#### Dataset section:

· · · · · · ·

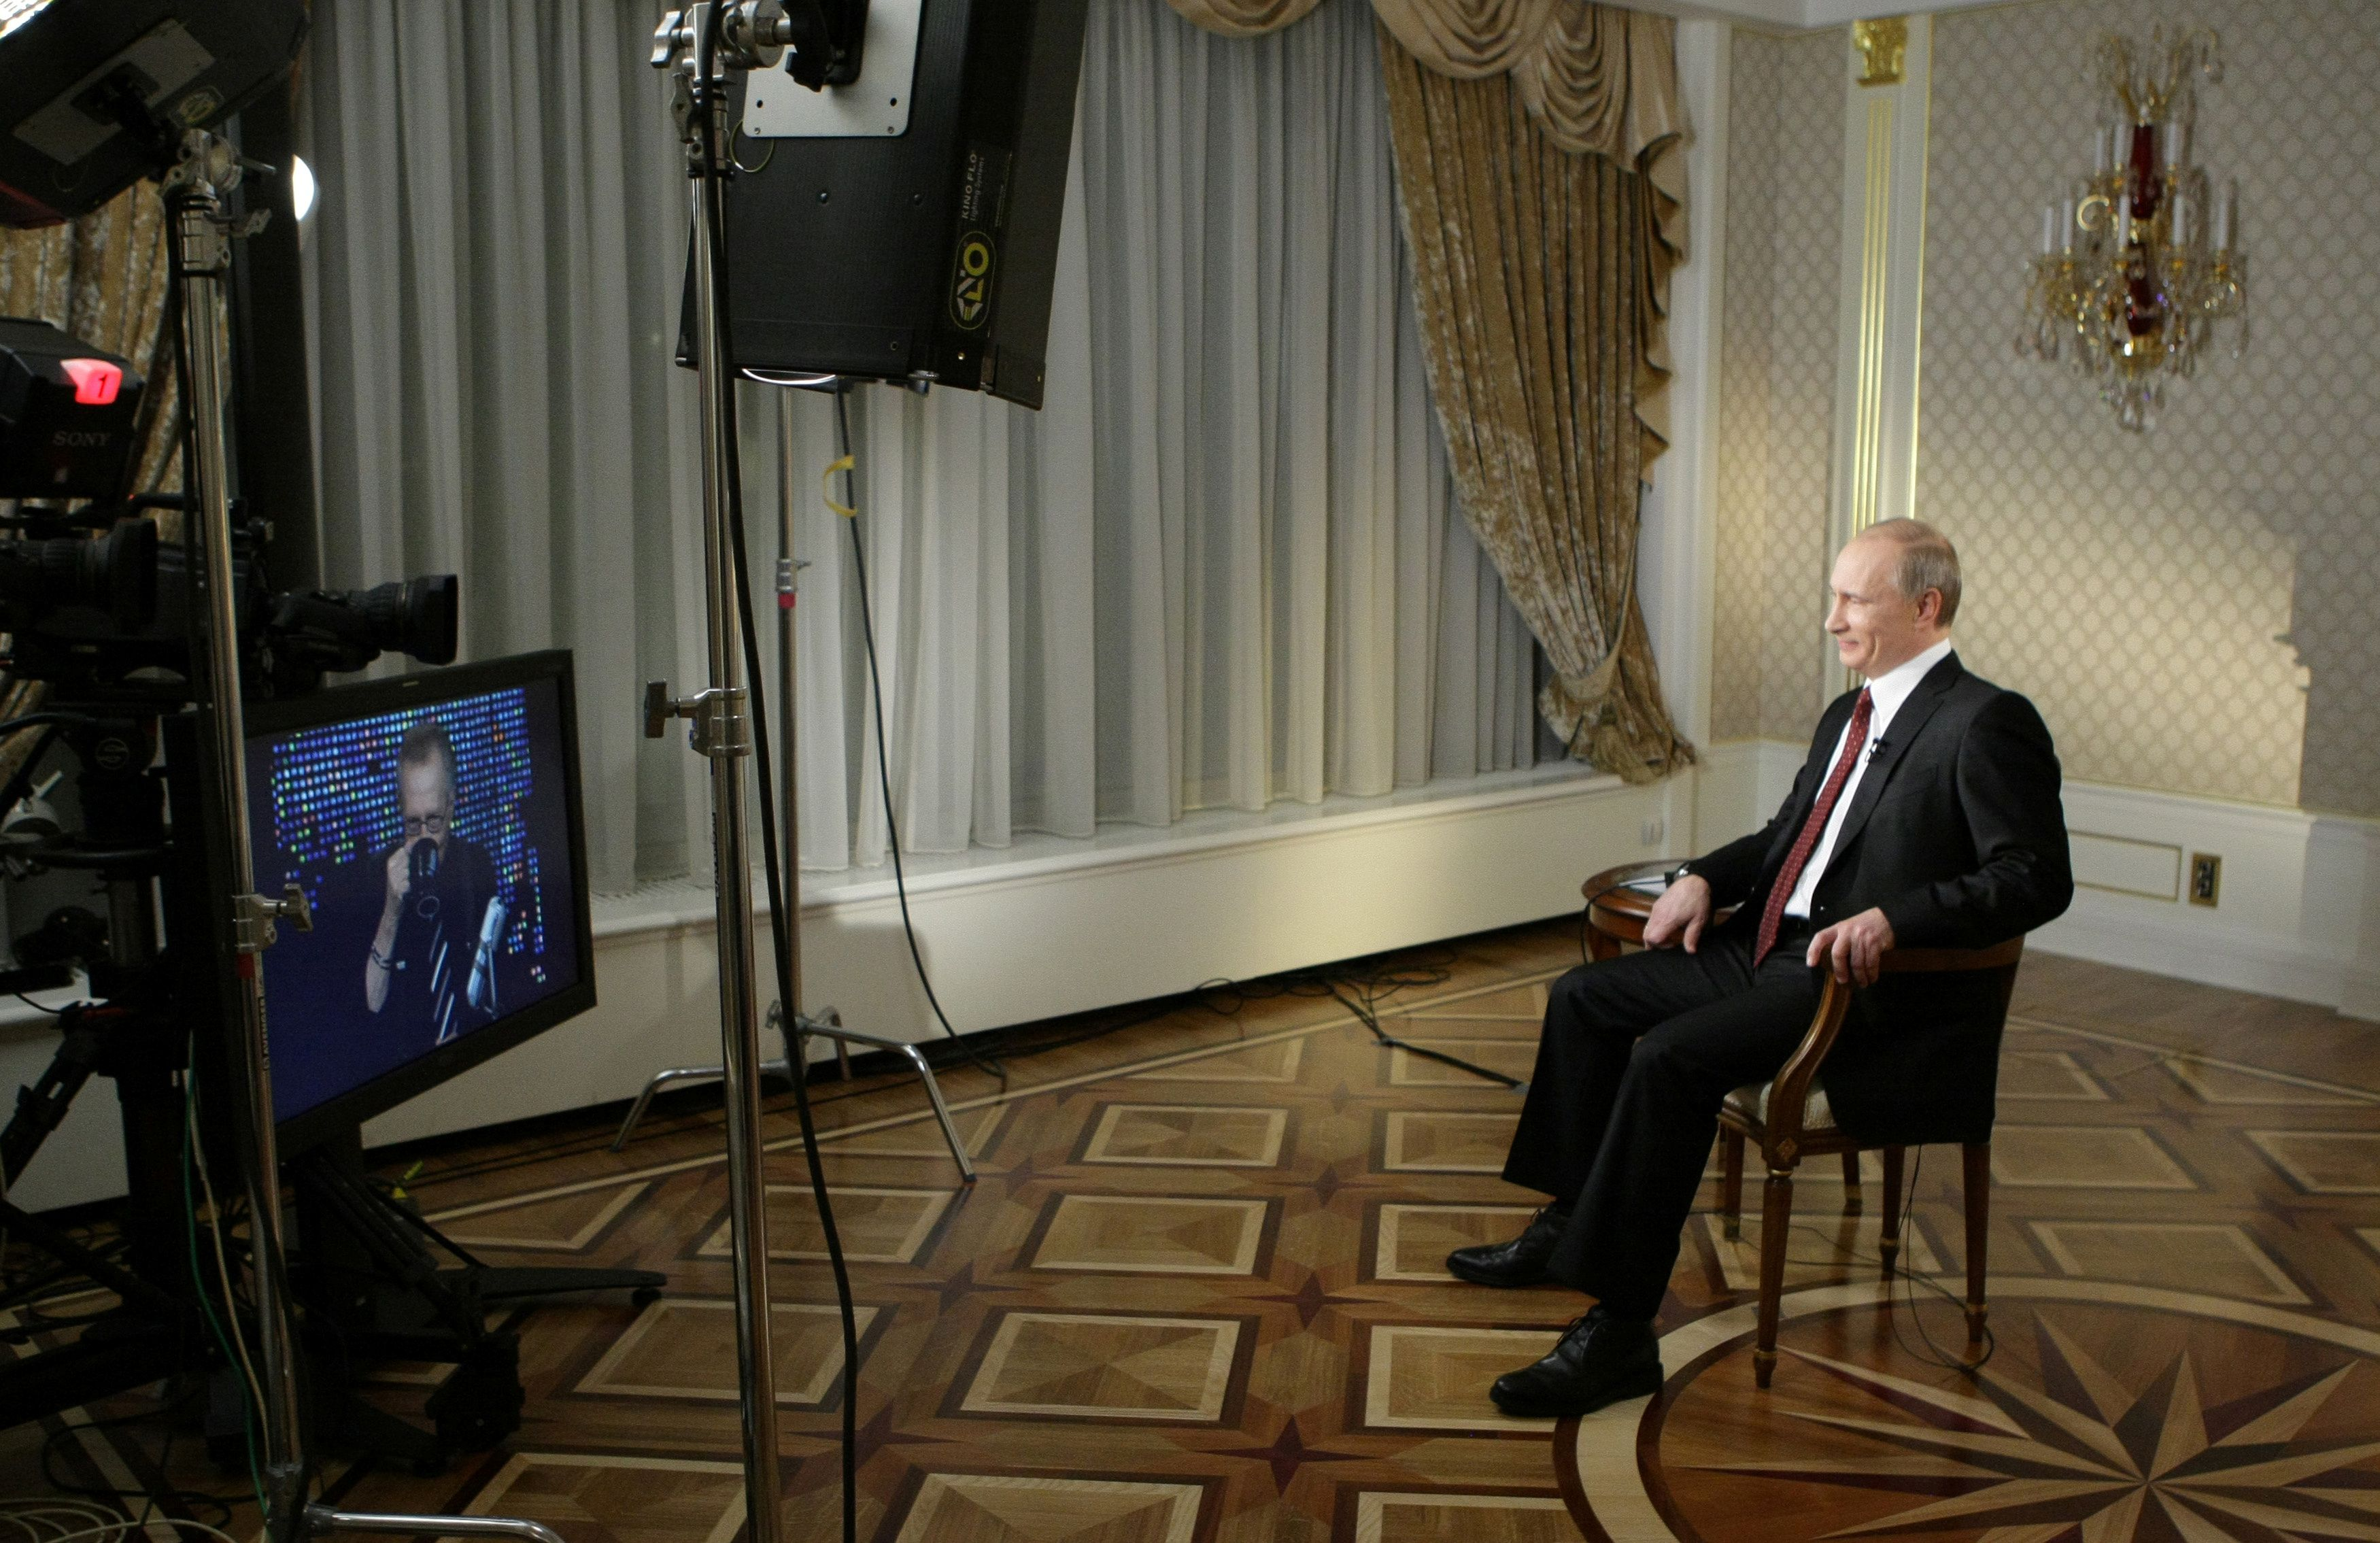 A Putin lo volvió a entrevistar el 30 de noviembre de 2010
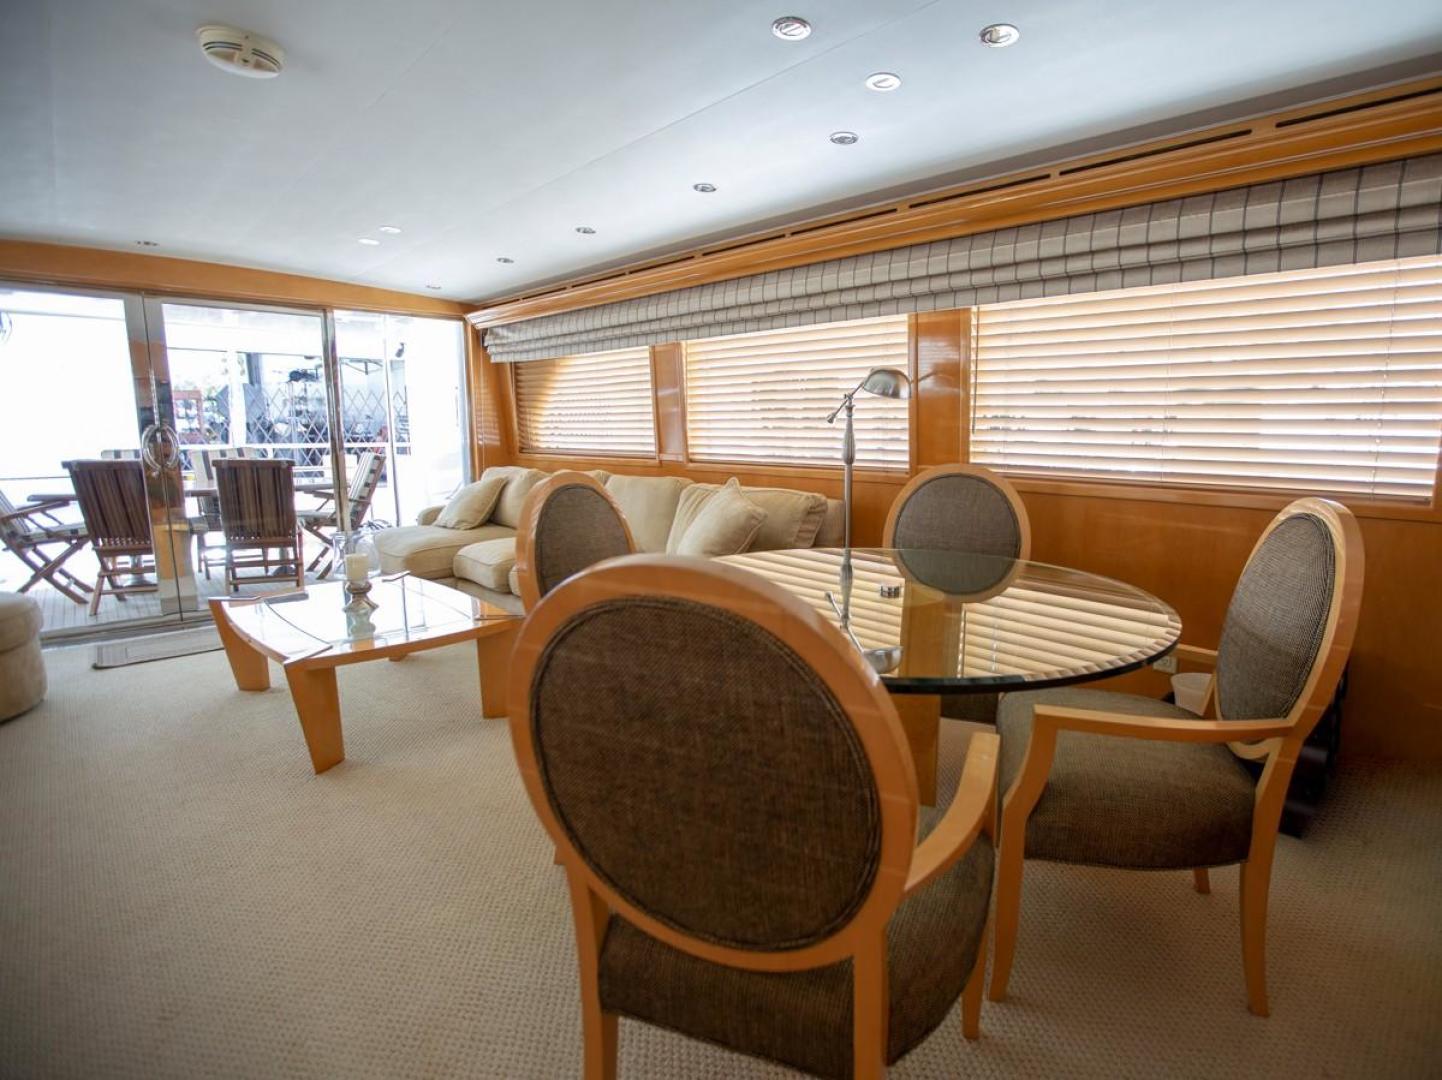 Hatteras-Cockpit Motor Yacht 2000-Getaway Ft. Lauderdale-Florida-United States-977363 | Thumbnail
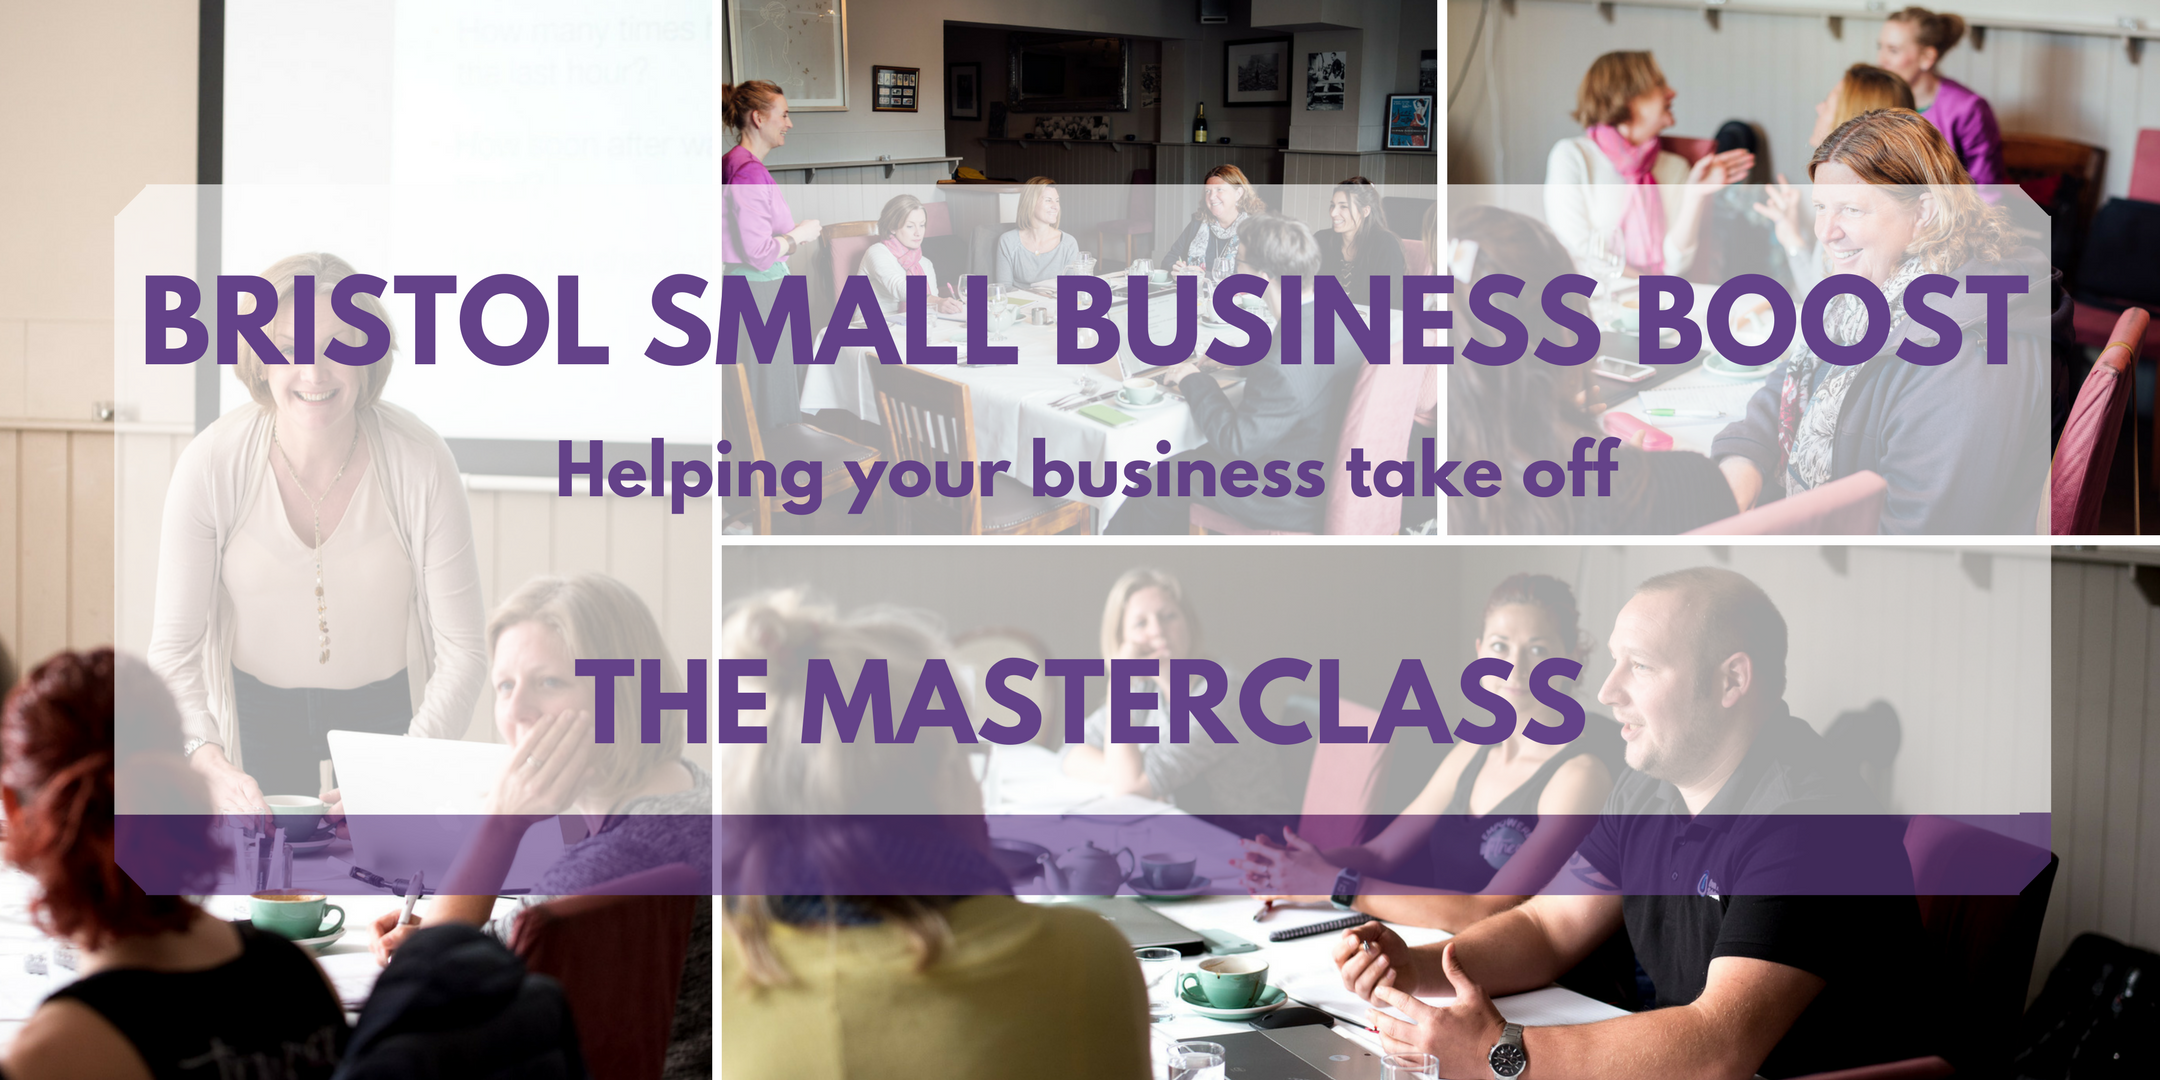 BSBB Masterclass - Energy, Focus & Recharge:

· · · · · · ·

#### Work instruction:
Please output the full listing above exactly, minus any pictures.

#### Exercise output:
 A Putin lo volvió a entrevistar el 30 de noviembre de 2010
 Hatteras-Cockpit Motor Yacht 2000-Getaway Ft. Lauderdale-Florida-United States-977363 | Thumbnail
 BSBB Masterclass - Energy, Focus & Recharge:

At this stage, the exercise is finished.